8:09 am; Load the trawler, shuffle to find a good spot with friends and look up at Yaquina Bay Bridge as we sailed under

 

 

First Connection

 

? am or pm; Lost track of time after first gray whale sighting of the day on the way to Yaquina Head Lighthouse

 

Specific instructions from our professor that whale sightings are rare and that we are to ditch studying birds to learn about sharks, whales, dolphins, seals and anything else that comes our way! (Certainly one of my favorite professors.)

 

 

Encounters

 

We spotted three gray whales near Yaquina Head Lighthouse.  One kept jumping out of the water and splashing.  It was the first time I had seen a whale this close before.  Even when I am surfing, that is something I have never seen in my life until that very moment.  

Then we spotted pacific white sided dolphins that swam beside our boat.

The captain let me steer the boat for at least five minutes and then I left to go see more gray whales.  Our professor spotted a harbor porpoise and I had never seen one before.  All of these whales and porpoises were close to our boat.  

 

 

Orca Pod

 

On our way back to Yaquina Bay, near Agate beach is when our team first spotted a pod of orcas.  They were not to far away from surfers.  It was amazing to see these beautiful creatures.  I couldn't help but notice how curious orcas are.

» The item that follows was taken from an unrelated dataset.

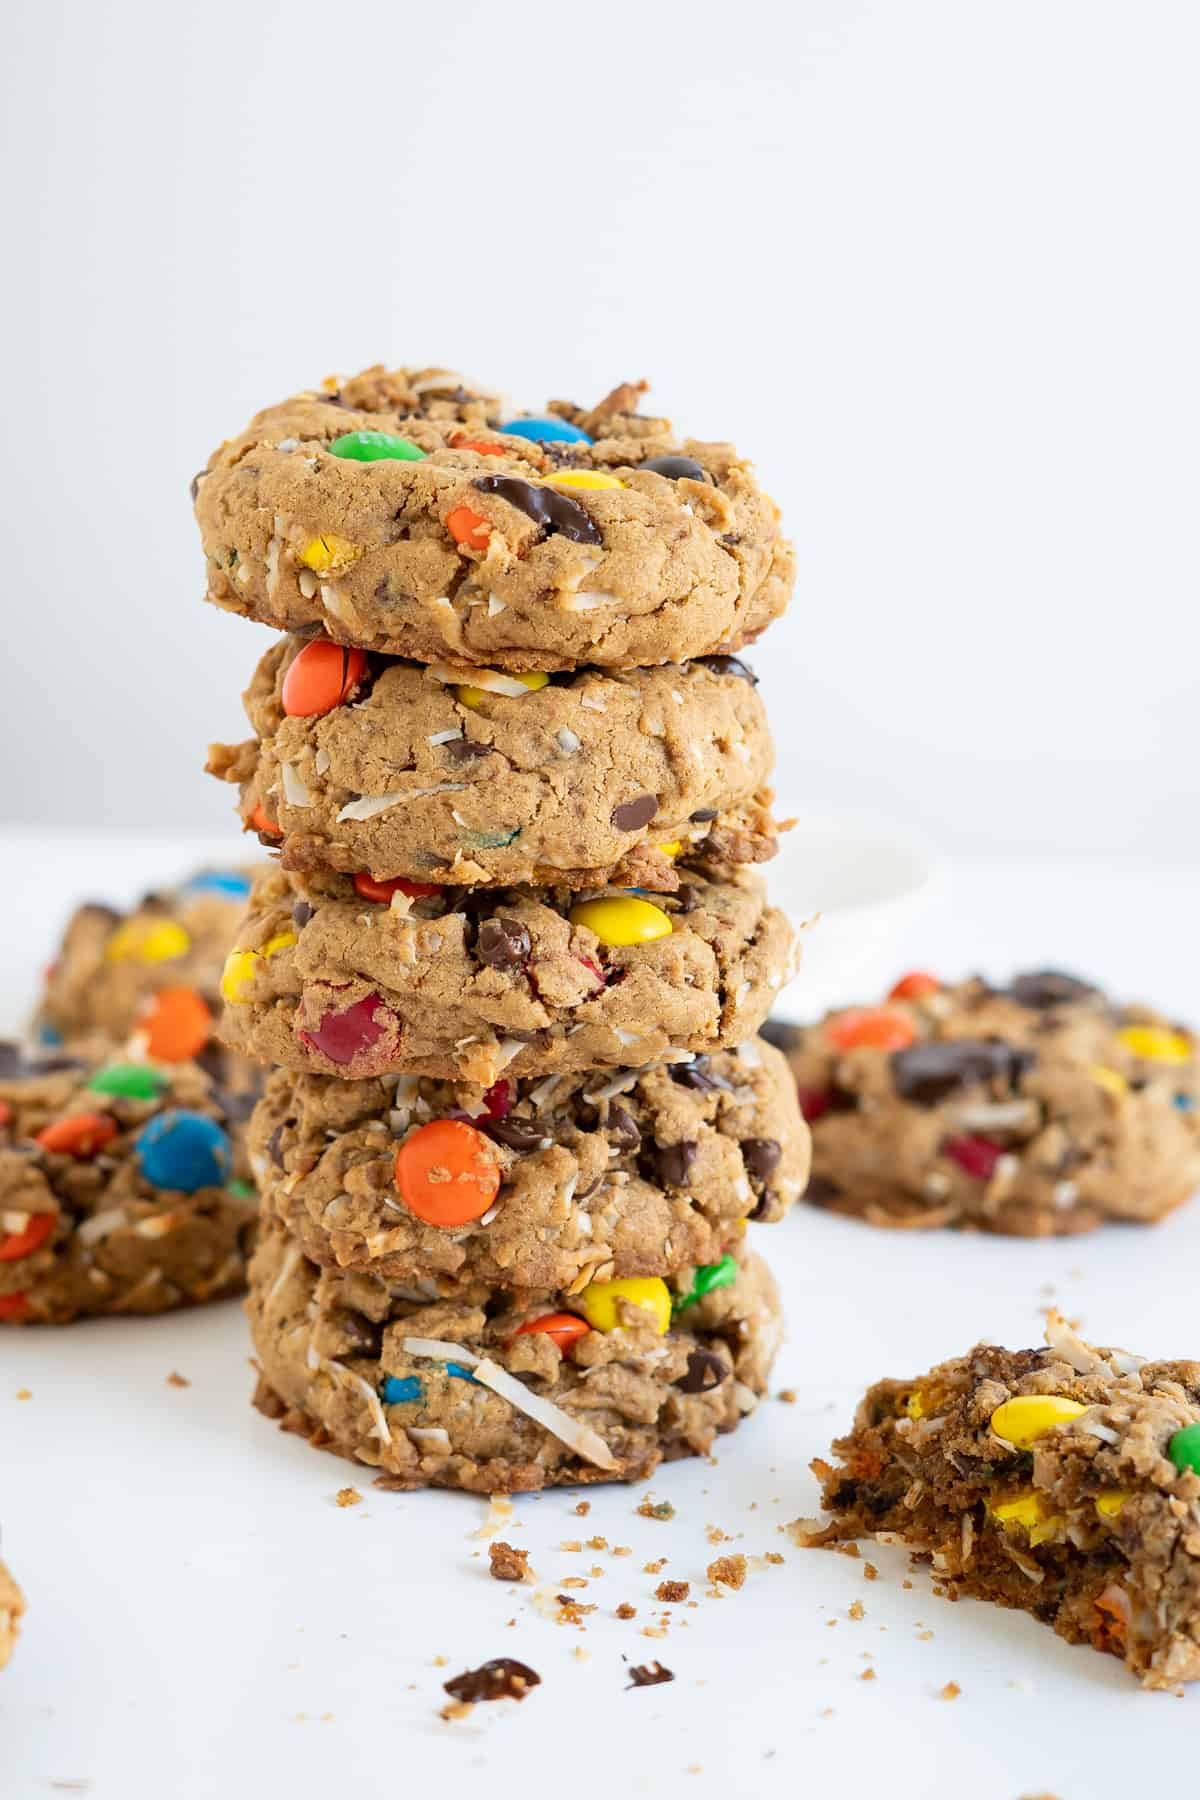 A stack of five gluten-free monster cookies.

We followed them all the way to Yaquina Bay State Recreation Site right off the coast.  Many sea lions had decided to plant themselves on a buoy in the presence of orcas.  Their main goal was to avoid orcas at all costs and would wait as long as possible for orcas to leave.  They never left their spots on the buoy when we were watching them.  The orcas pod consisted of two adult size orcas with two orca calves (babies).  It was challenging to follow them on the boat because they would travel very fast and dive under for long periods.  To see orca whales in the wild was an experience that truly excited me.  I hope to see them again someday and look forward to them passing by the Oregon Coast.

 

When we arrived back to Yaquina Bay, our team had full crab pots.  All of us brought back crab to our folks.

My friends and I decided to end the day with a bowl of clam chowder.  I traveled back up the road to Roads End in Lincoln City to share my good fortune with my family.  Then took my golden retriever Kona and rottweiler Tucson for a sunset walk on the beach.

 

 

Conclusion

  

What occurred attracted all of our team to pursue an odyssey in knowing more about these captivating animals. Some of my friends chose to do it professionally, others on the weekend when fishing off the Oregon coast and for a small group of us, seeing them when we surf Oregon.  I am fortunate to have a beach house in Lincoln City where I am able to spend a lot of time at the beach learning about the animals that occupy the Oregon Coast.  Currently, researchers believe that orcas make Oregon waters their home for many months out of the year during winter and spring.  I patiently wait for their rare arrival each year.